Formatting a Universal Drive

This tutorial originally started out as a more detailed blog post. It received a lot of traffic from myself and others, but I only referenced the instructions at the very end. Therefore, I decided to pull out the important “how-to” bits and put them here for easier reference.

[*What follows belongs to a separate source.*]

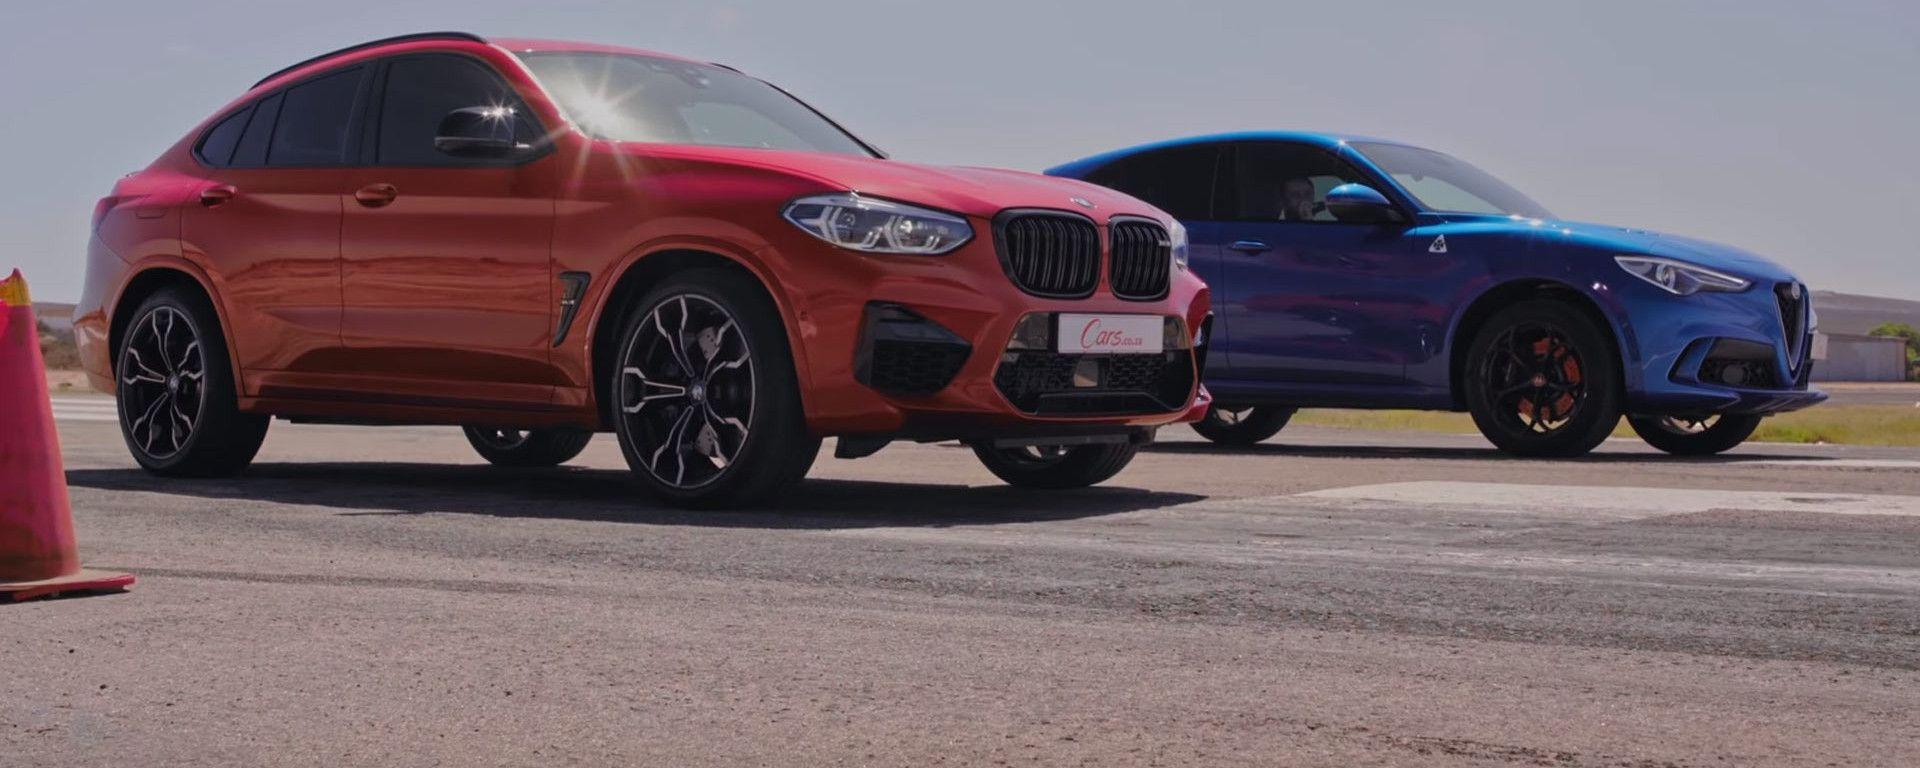 Alfa Romeo Stelvio Quadrifoglio VS BMW X4 M: drag race in video

The following tutorial creates a GUID Partition Table (GPT) with an exFAT partition on a drive so that it can be read and written by all reasonably modern operating systems. The GPT/exFAT combination ensures support of filesystems over 2 TB in size and files over 4 GB in size. See the blog post for more details.



% sudo gdisk /dev/sdX
GPT fdisk (gdisk) version 0.8.8

Partition table scan:
  MBR: not present
  BSD: not present
  APM: not present
  GPT: not present

Creating new GPT entries.

Command (? for help):

First, create a new GPT partition table with o:

Command (? for help): o
This option deletes all partitions and creates a new protective MBR.
Proceed? (Y/N): Y

Now create a partition with n. The defaults will create a new partition that spans the whole drive with the first sector already aligned. Be sure to choose the correct type 0700!

Command (? for help): n
Partition number (1-128, default 1):
First sector (34-16326462, default = 2048) or {+-}size{KMGTP}:
Last sector (2048-16326462, default = 16326462) or {+-}size{KMGTP}:
Current type is 'Linux filesystem'
Hex code or GUID (L to show codes, Enter = 8300): 0700
Changed type of partition to 'Microsoft basic data'

Write the changes to the drive and exit with w:

Command (? for help): w

Final checks complete. About to write GPT data. THIS WILL OVERWRITE EXISTING

Do you want to proceed? (Y/N): Y
OK; writing new GUID partition table (GPT) to /dev/sdX.
Warning: The kernel is still using the old partition table.
The new table will be used at the next reboot.
The operation has completed successfully.

Finally, format our new partition with the exFAT filesystem.

If these values should change in future versions of mkfs.exfat, be sure to keep the cluster size not larger than 1024 KB (128 KB or 256 KB recommended) for compatibility with macOS.

Please refer to the manual (man mkfs.exfat) for more details.

% sudo mkfs.exfat /dev/sdX1
mkexfatfs 1.0.1
Creating... done.
Flushing... done.
File system created successfully.

The drive should now be readable and writable on Linux (via FUSE), macOS, and Windows.